CapA1B1 and CapA1B2 purified samples were loaded on SDS-PAGE and tyrosine autophosphorylation was determined by immunoblotting using the anti-phosphotyrosine polyclonal 4G-10 antibody (Millipore) at 1/2000 dilution. A mouse anti-rabbit secondary antibody HRP conjugate (Biorad) was used at 1/5000 dilution. Membranes were developed using the chemiluminescent substrate Supersignal® West Pico from Thermo.

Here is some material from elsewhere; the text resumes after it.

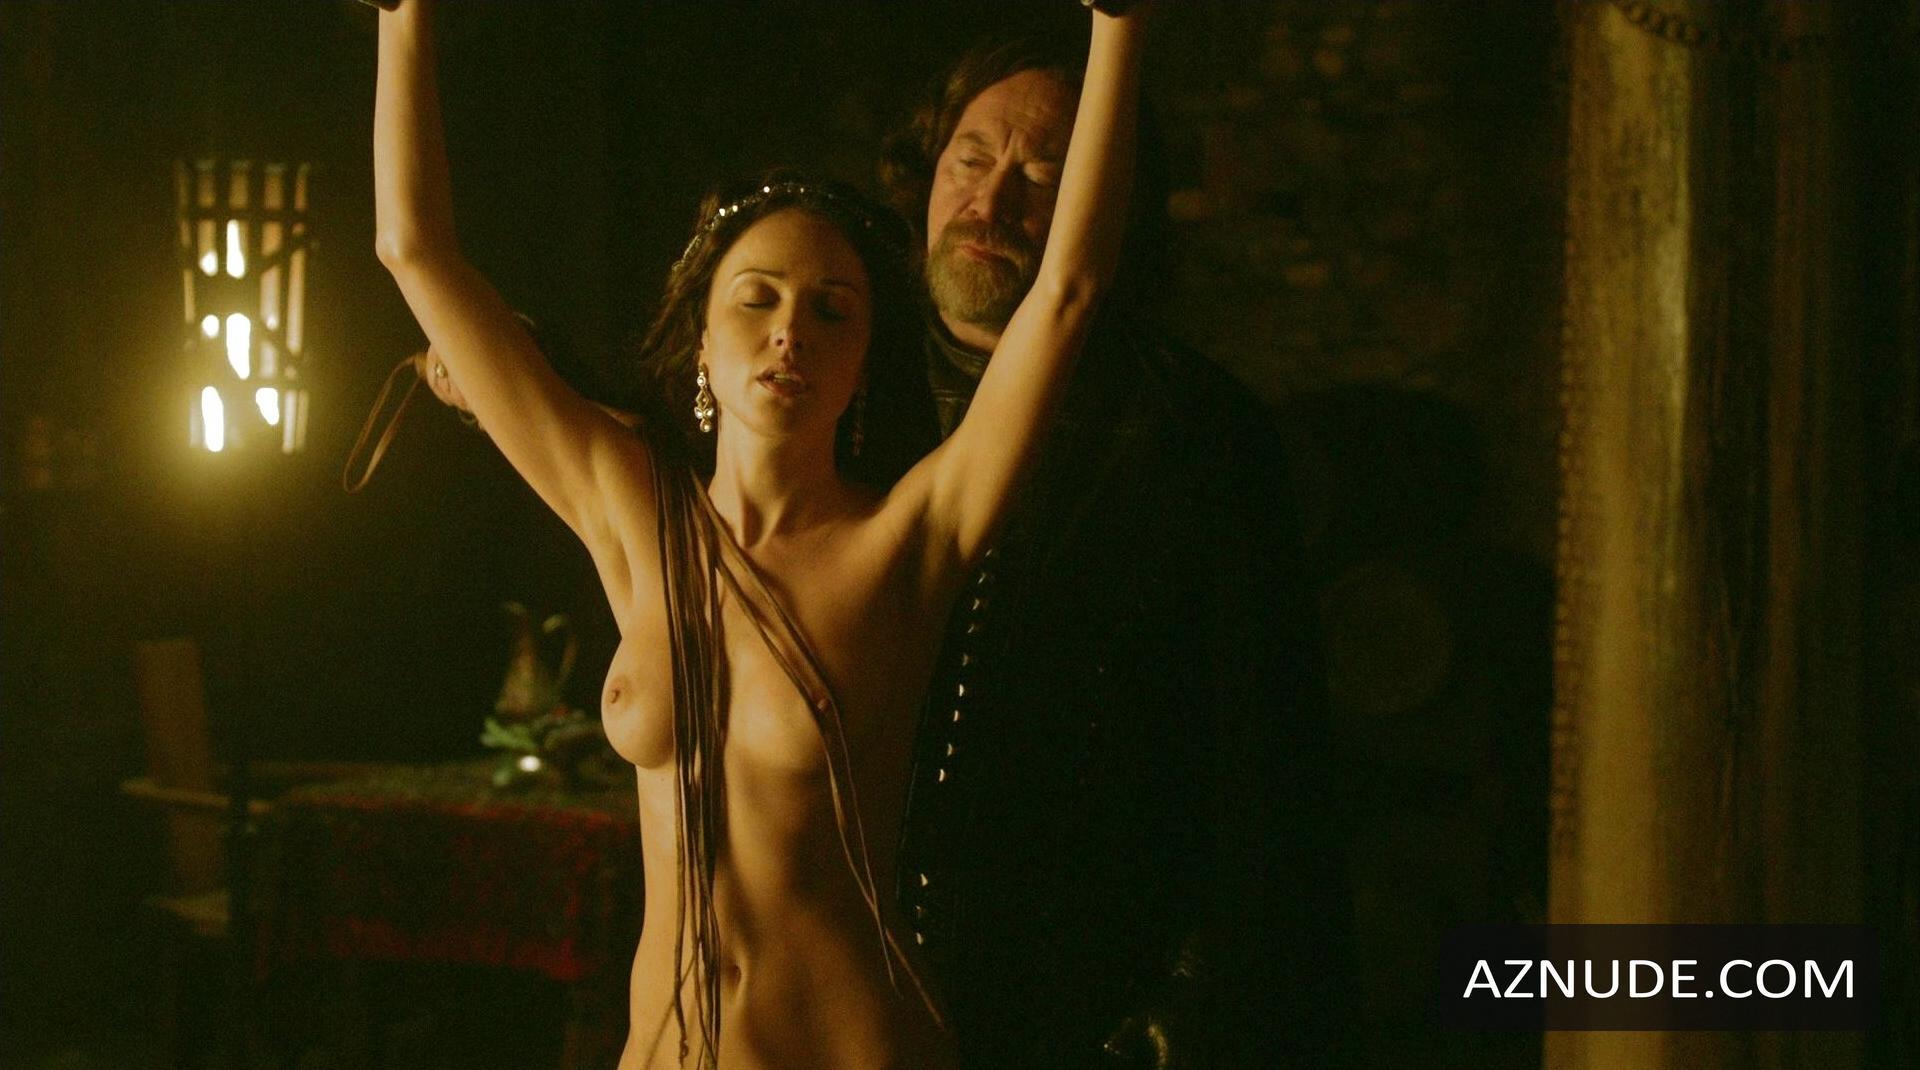 vikings nude

Differential Scanning Calorimetry

DSC experiments were performed using a VP-DSC calorimeter (Microcal®). CapA1B1 and CapA1B2 samples were used at a concentration of 10 µM in Tris-HCl 25 mM, pH 7.8, with 250 mM and 100 mM NaCl, respectively. Two successive scans from 20°C to 80°C at a heating speed of 60°C/h were performed for each experiment. Data were analyzed using the MicroCal Origin software provided by the manufacturer.